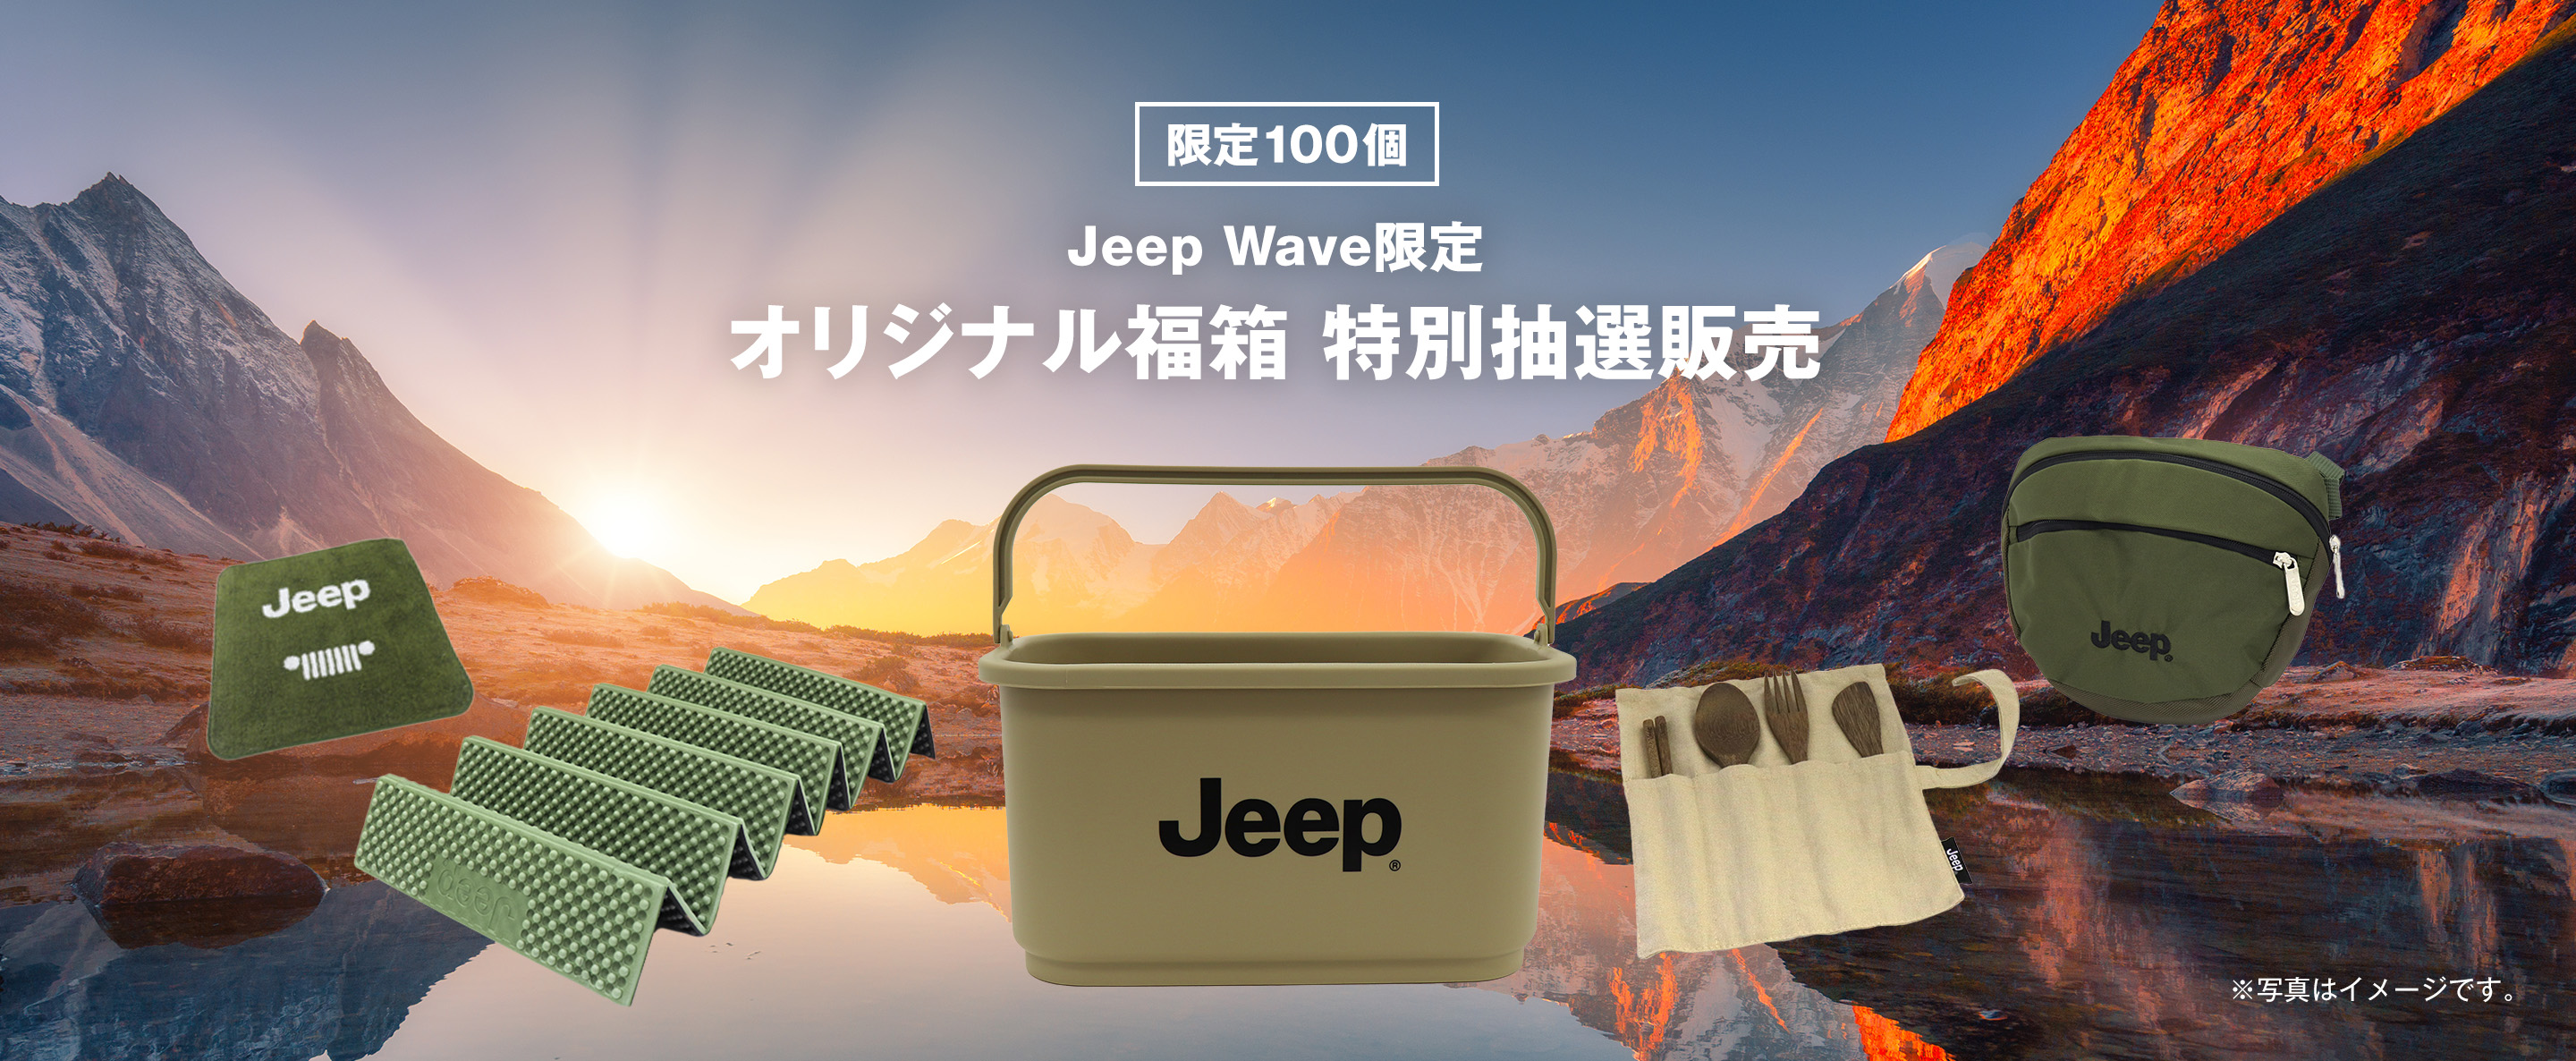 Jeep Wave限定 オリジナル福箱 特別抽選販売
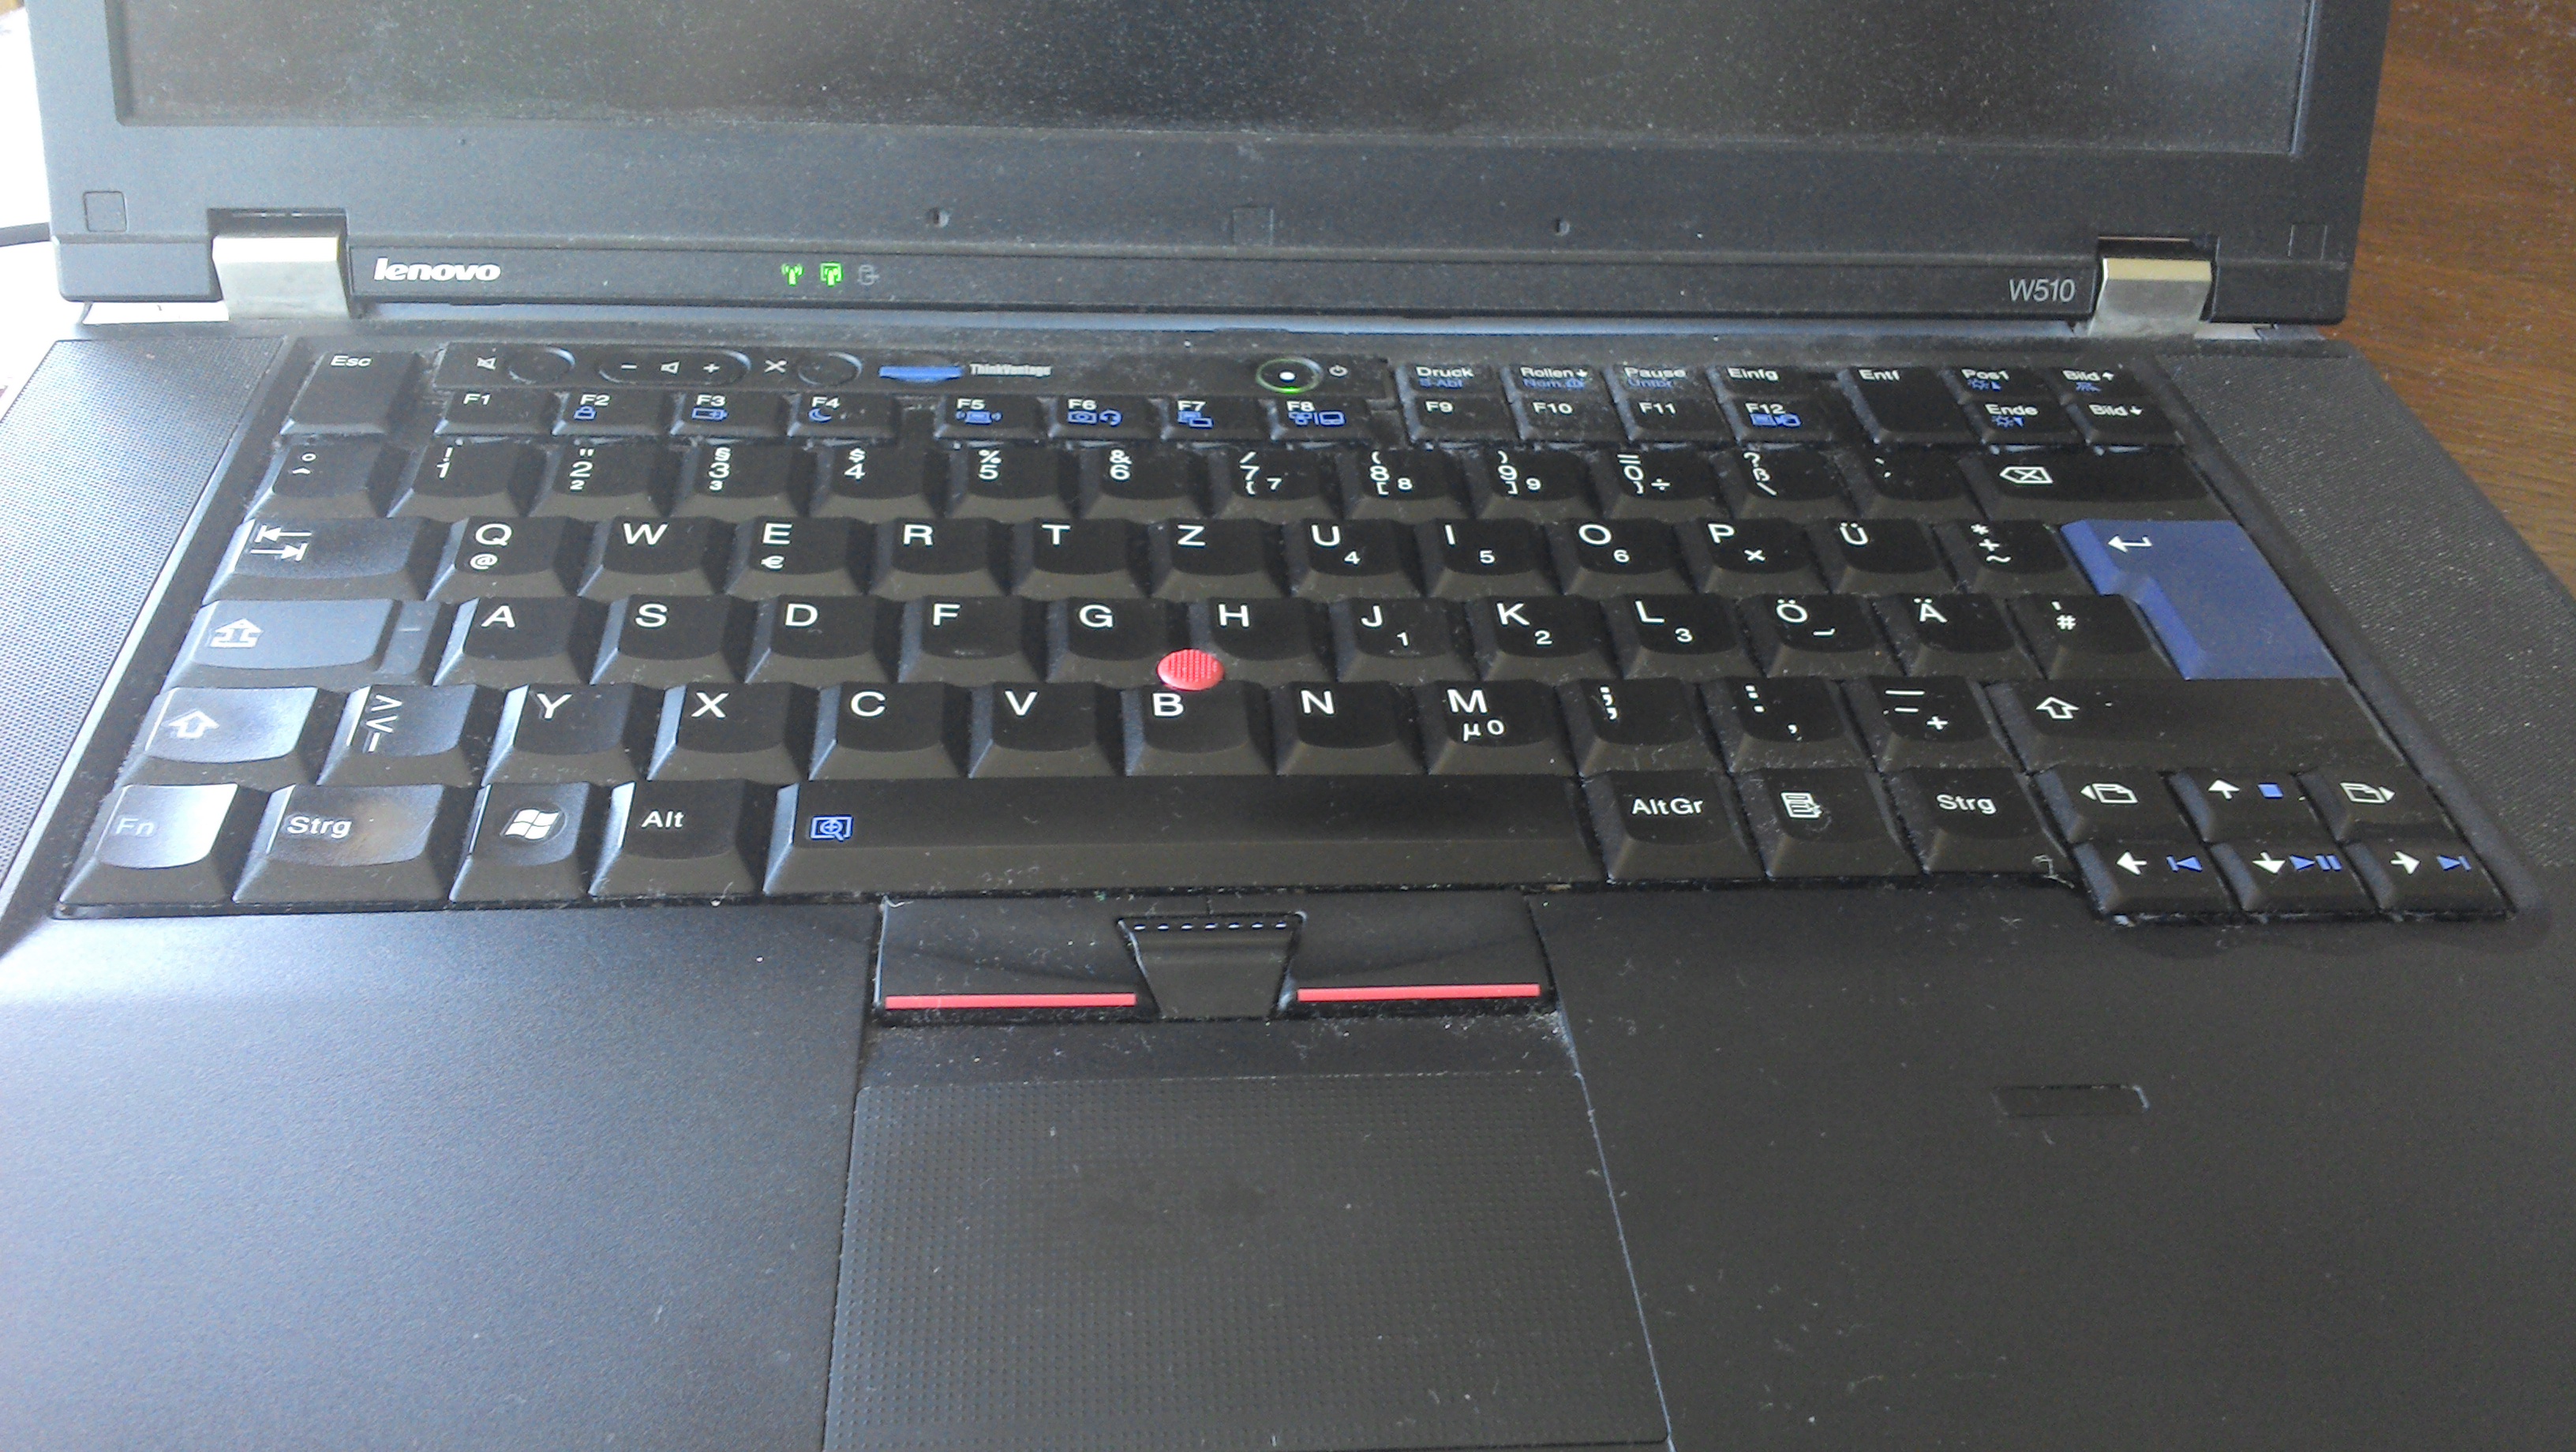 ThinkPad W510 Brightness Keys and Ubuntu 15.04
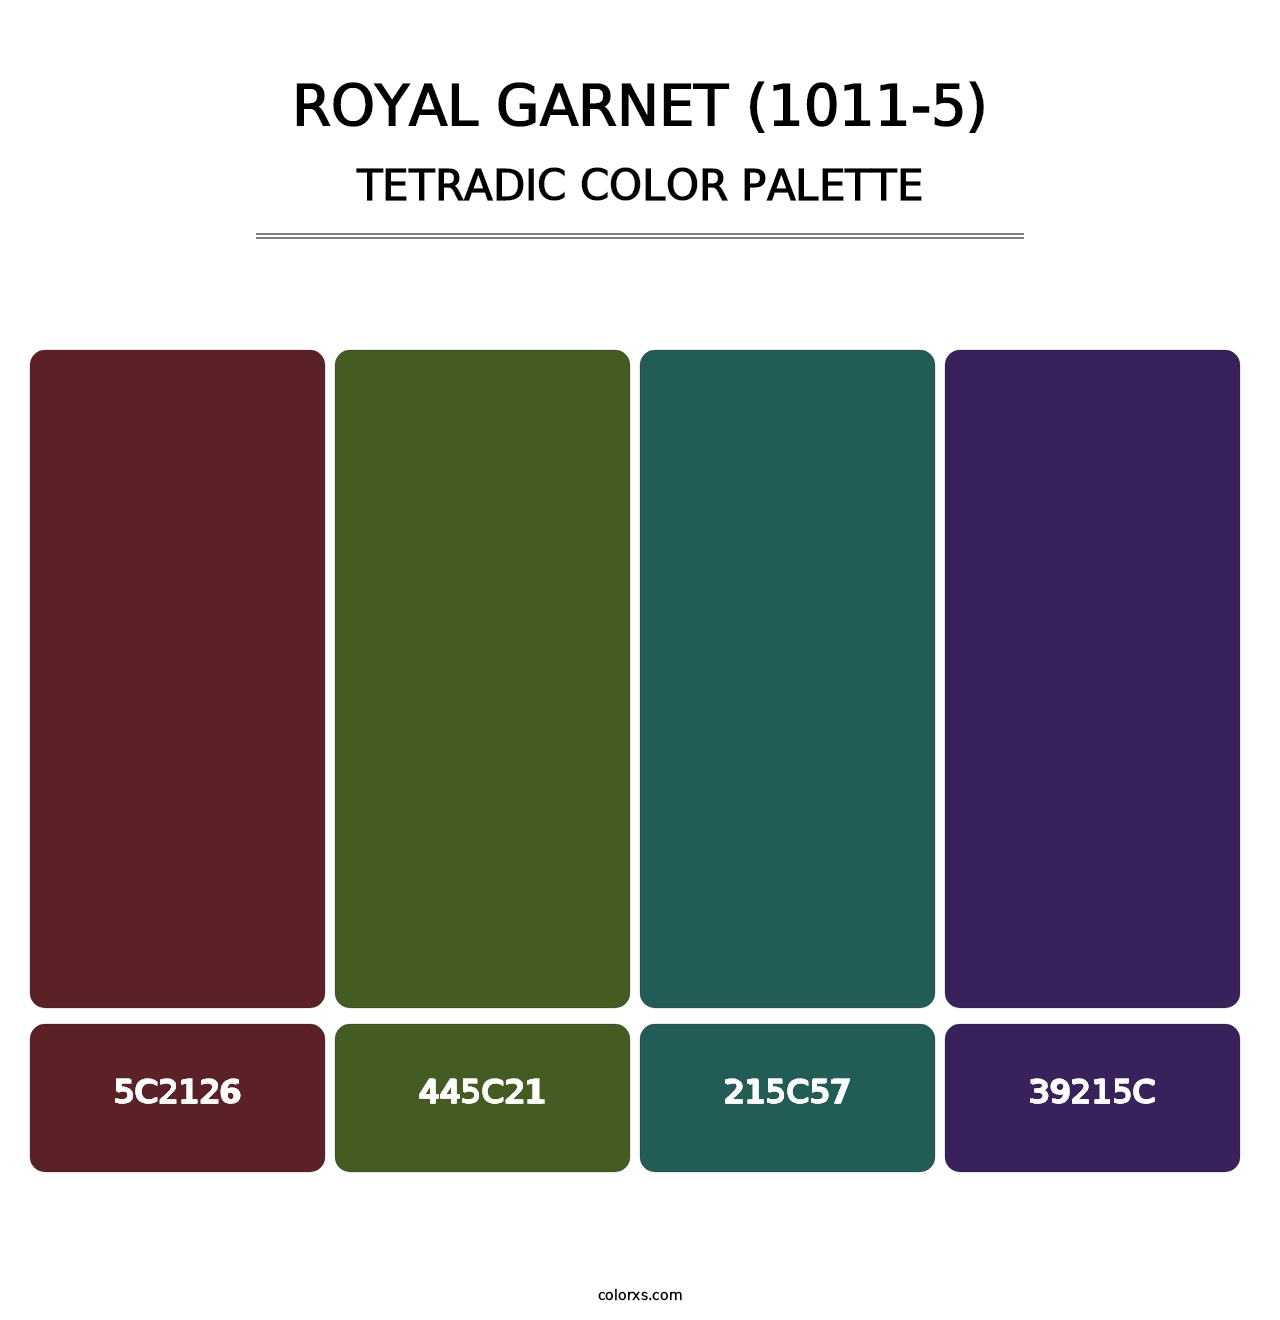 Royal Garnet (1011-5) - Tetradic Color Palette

● Problem statement:
Once the pictures are removed, copy the material above exactly.

● Result of the task:
 Jeep Wave限定 オリジナル福箱 特別抽選販売
 ThinkPad W510 Brightness Keys and Ubuntu 15.04
 Royal Garnet (1011-5) - Tetradic Color Palette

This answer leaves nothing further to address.